What is needed> Once you reach the line that holds "Uusi laskelma julki: näin" in the listing below, output it and every line after it through the line that holds "Productos de comida", word for word.

Supplied records>
*** Begin section ***
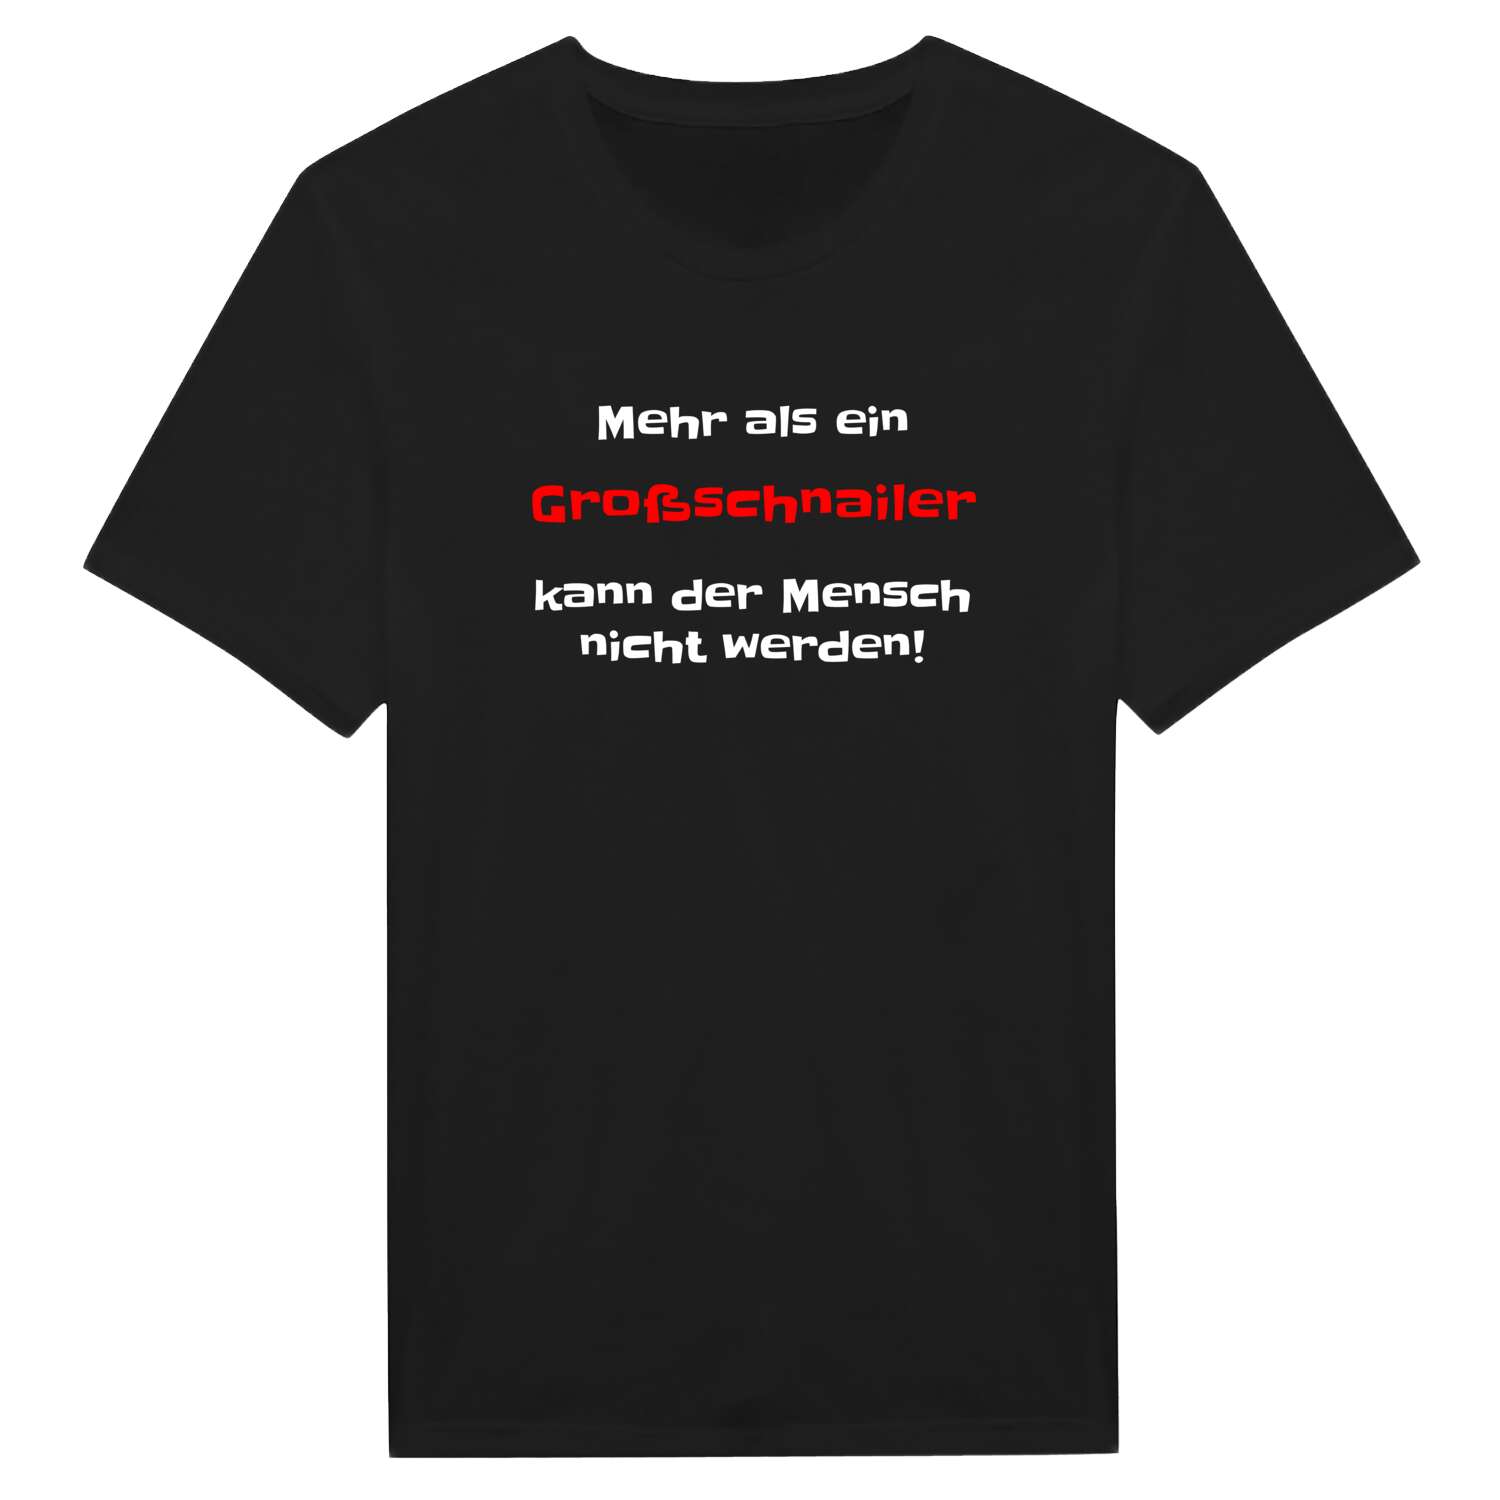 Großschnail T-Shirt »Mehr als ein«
*** End section ***
*** Begin section ***
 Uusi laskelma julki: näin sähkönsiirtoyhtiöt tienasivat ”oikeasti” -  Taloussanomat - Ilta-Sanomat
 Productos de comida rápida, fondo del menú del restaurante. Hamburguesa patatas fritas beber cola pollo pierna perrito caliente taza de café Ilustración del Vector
*** End section ***
Answer to the problem>
 Uusi laskelma julki: näin sähkönsiirtoyhtiöt tienasivat ”oikeasti” -  Taloussanomat - Ilta-Sanomat
 Productos de comida rápida, fondo del menú del restaurante. Hamburguesa patatas fritas beber cola pollo pierna perrito caliente taza de café Ilustración del Vector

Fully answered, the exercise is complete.